# Stacking

In [1]:
import csv
import numpy as np
import pandas as pd
import random

from sklearn.model_selection import KFold

## Data Processing

In [2]:
#########################
# Load the datasets
train = pd.read_csv('data.csv', sep=",")
test_data = pd.read_csv('quiz.csv', sep=",")
train_data = train.iloc[:,:-1]
train_labels = train.iloc[:,-1]

all_data = pd.concat([train_data, test_data])
train_obs = len(train_data)
test_obs = len(test_data)

# Change dtype of categorical columns
categorical_columns = ['0','5','7','8','9','14','16','17','18','20','23','25','26','56','57','58']
for i in xrange(0,len(categorical_columns)):
    all_data[categorical_columns[i]] = all_data[categorical_columns[i]].astype('category')

#########################
# Only numerical data
print('Processing numerical data...')
all_data_num = all_data.drop(categorical_columns, axis=1)
train_data_num = all_data_num.iloc[0:train_obs,]
test_data_num = all_data_num.iloc[train_obs:,]

#########################
# Only categorial data
print('Processing categorical data...')
all_data_cat = pd.get_dummies(all_data[categorical_columns])
train_data_cat = all_data_cat.iloc[0:train_obs,]
test_data_cat = all_data_cat.iloc[train_obs:,]

#########################
# Ignoring two large columns ('slim')
print('Processing categorical data (slim)...')
categorical_columns_slim = ['0','5','7','8','9','14','16','17','18','20','25','26','56','57']

all_data_cat_slim = pd.get_dummies(all_data[categorical_columns_slim])
train_data_cat_slim = all_data_cat_slim.iloc[0:train_obs,]
test_data_cat_slim = all_data_cat_slim.iloc[train_obs:,]

#########################
# Combined sets
print('Combining data...')
train_data_combo = pd.concat([train_data_num, train_data_cat], axis=1)
test_data_combo = pd.concat([test_data_num, test_data_cat], axis=1)
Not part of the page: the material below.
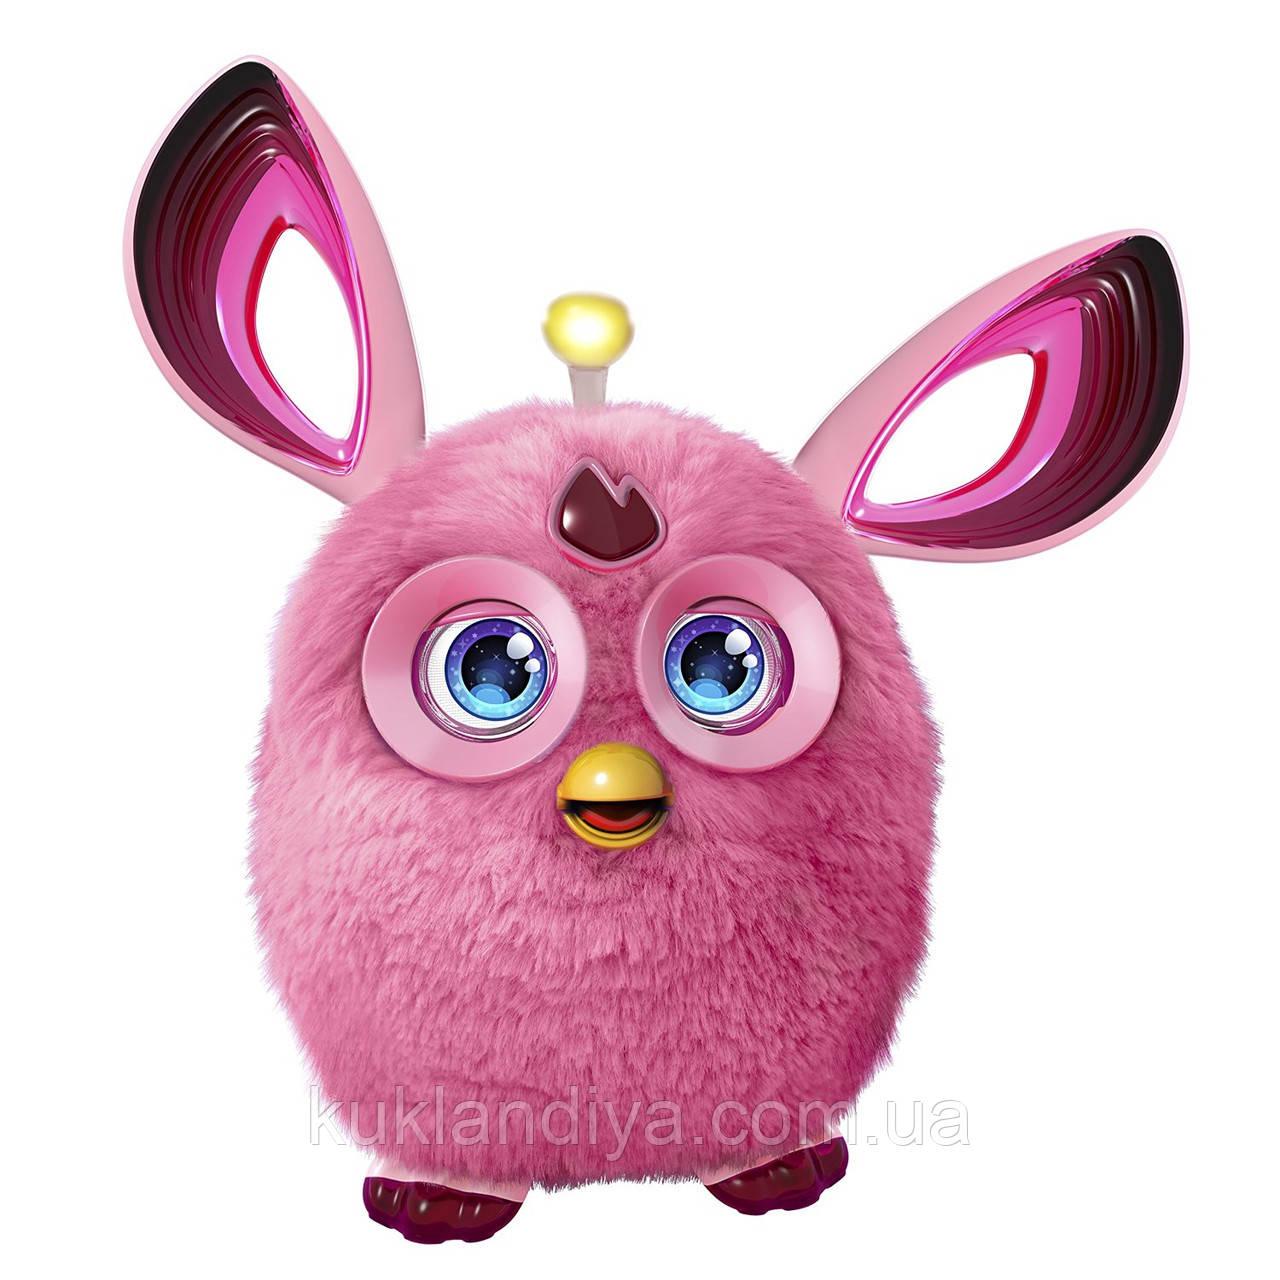 Інтерактивний Furby Connect рожевий Hasbro

train_data_combo_slim = pd.concat([train_data_num, train_data_cat_slim], axis=1)
test_data_combo_slim = pd.concat([test_data_num, test_data_cat_slim], axis=1)

#########################
# Clear memory
all_data, train, train_data, test_data = None, None, None, None
all_data_num, train_data_num, test_data_num = None, None, None
all_data_cat, train_data_cat, test_data_cat = None, None, None
all_data_cat_slim, train_data_cat_slim, test_data_cat_slim = None, None, None

print('Finished processing!')

Processing numerical data...
Processing categorical data...
Processing categorical data (slim)...
Combining data...
Finished processing!


In [3]:
from sklearn.ensemble import AdaBoostClassifier, BaggingClassifier, ExtraTreesClassifier, RandomForestClassifier, GradientBoostingClassifier
from sklearn.linear_model import LogisticRegression, SGDClassifier
from sklearn.naive_bayes import GaussianNB, MultinomialNB
from sklearn.neighbors import KNeighborsClassifier
from sklearn.neural_network import MLPClassifier
from sklearn.svm import SVR

from sklearn.tree import ExtraTreeClassifier

def pred_and_error(model, test_data, test_labels):
    preds = model.predict(test_data)
    error = 1 - sum(preds == test_labels)/float(len(test_labels))
    return preds, error

def cv_run_ada(train_data, train_labels, test_data, test_labels):
    model = AdaBoostClassifier().fit(train_data, train_labels)
    return pred_and_error(model, test_data, test_labels)

def cv_run_bag(train_data, train_labels, test_data, test_labels):
    model = BaggingClassifier(max_features=0.75,
                              n_estimators=20,
                              random_state=1, n_jobs=-1).fit(train_data, train_labels)
    preds = model.predict(test_data)
    return pred_and_error(model, test_data, test_labels)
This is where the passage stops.